The traditional group health plan is in crisis, with commercial insurance costs reaching record highs as factors like specialty medication spend, stop-loss insurance and behavioral health utilization continue to compound. Naturally, employers nationwide have been turning to an array of potential alternatives such as direct contracting, narrow networks, and level funding as they seek to escape a cost curve that shows no sign of slowing.
Hospitals, often the largest employer in their respective communities, are no different.
One of the emerging alternatives to traditional health insurance is ICHRA, or individual coverage health reimbursement arrangement, which lets employers give their workers a fixed, tax-free monthly allowance to buy their own coverage on the ACA marketplace instead of enrolling in a company-sponsored plan.
Rush Memorial, a 25-bed critical access hospital in Rushville, Indiana, made that switch in late 2024. Brian Bane, the hospital’s vice president of human resources, believes it was the first hospital in the state to move its entire workforce to an ICHRA model.
“The old traditional employer-based model was putting us in a pinch, so it made sense, when I worked with my broker, to ask what we could do,” Mr. Bane told Becker’s. “It’s almost like creating an a la carte choice of healthcare benefits.”
For Rush, the shift has produced a 45% reduction in healthcare spend, or just under $2 million in annual premium savings. Mr. Bane noted that the savings compound each year rather than representing a one-time budget win. Perhaps most importantly, the hospital is directing that money back into patient care rather than treating it as a windfall.
“We’re putting the savings toward new service lines or new tools for our staff to take care of our patients, which prevents cuts that were being discussed back in 2023,” he said. “Those have gone away now.”
One example is a new real-time communication system for nurses. Mr. Bane described it as a six-figure investment that had been held up due to lack of funding, even though hospital leaders considered it necessary.
“I don’t know if we would have even been able to consider it without the cost savings of the past couple of years,” he said. “It’s something we’ve probably needed and can’t do without, but it was being delayed, which affected our patient care. A nurse being able to communicate from med-surg to the ER, or vice versa, immediately, is huge for us.”
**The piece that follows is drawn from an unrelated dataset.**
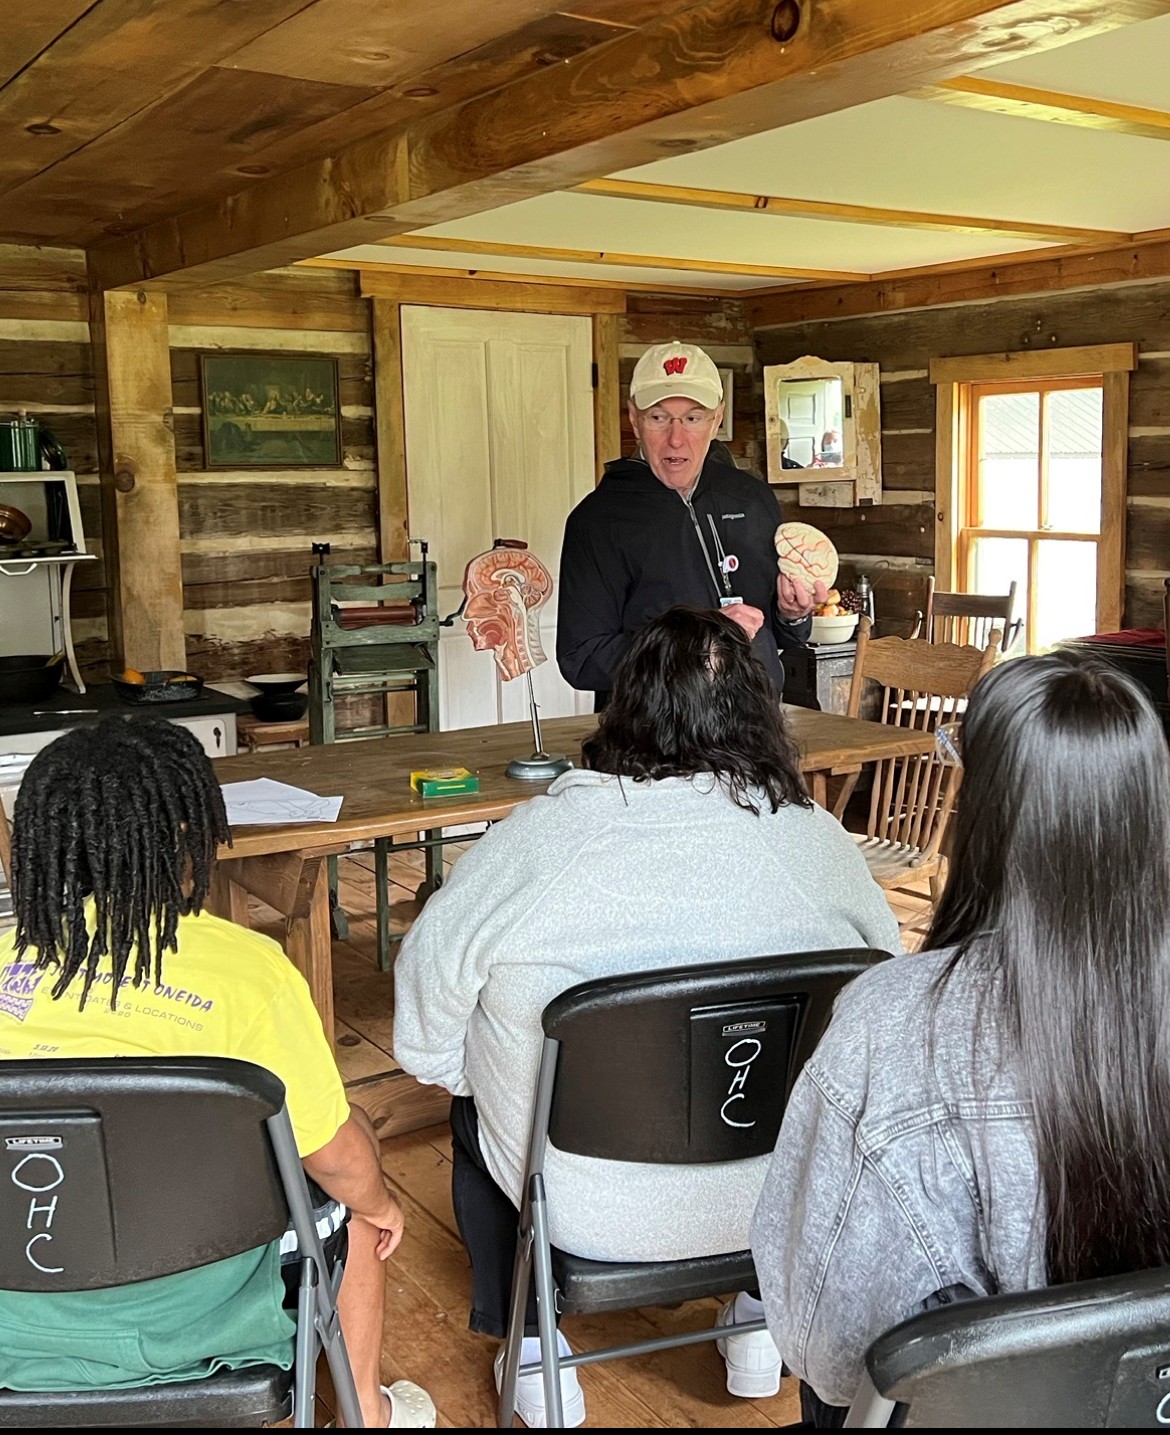 Dr. Robert Dempsey teaches tribal families about the intersections between traditional teachings and modern medicine.

Rush offered the ICHRA to all 370 of its employees, from entry-level staff to its C-suite and board of directors. About 220 employees and their dependents have now enrolled, and the hospital is heading into its third year with the model after previously carrying coverage primarily through UnitedHealthcare. Other small and mid-size hospitals have reached out to Rush to learn more, Mr. Bane said, and some have even made the same switch this year.
“A lot of people reach out to and ask questions about ICHRA, because there are a lot of unknowns, and I feel like with all these conversations happening, it’s having a bit of a snowball effect,” he added.
Network adequacy was an early concern given the hospital’s rural footprint in a community of around 6,000 people. And though 60% of Rush’s employees live in the surrounding area, the hospital has workers spread across three states. Mr. Bane said employees have access to six insurers on the marketplace, and about 60% of the workforce ultimately chose an Ambetter plan from Centene.
First authorized under a federal rule that took effect in 2020, the ICHRA model appears to be climbing quickly, especially among small businesses, though little data from non-industry sources is available. According to the HRA Council, ICHRA use is up more than 1,000% since 2020, with the overall market possibly now containing up to 1 million people.
Beyond the dollar figures, Mr. Bane said the switch gave Rush’s workforce more flexibility to pick coverage suited to their specific needs, which also serves as a recruitment and retention benefit.
“I’m talking about a brand-new CNA fresh out of school, to a mid-career nurse with kids, to nurses who are near retirement,” he said. “What can you offer your employees so they don’t shop around for other jobs? That’s a unique benefit.”
Still, breaking the mold around a decades-old model for healthcare benefits is not an easy task, and some Rush employees needed time and resource support to navigate the switch.
“Word of mouth has been getting out though, to the point where some employees whose spouses have employer-based benefits are bringing their spouses onto our plan,” Mr. Bane said. “That would have been a big risk under our old plan, but now we say bring it on.”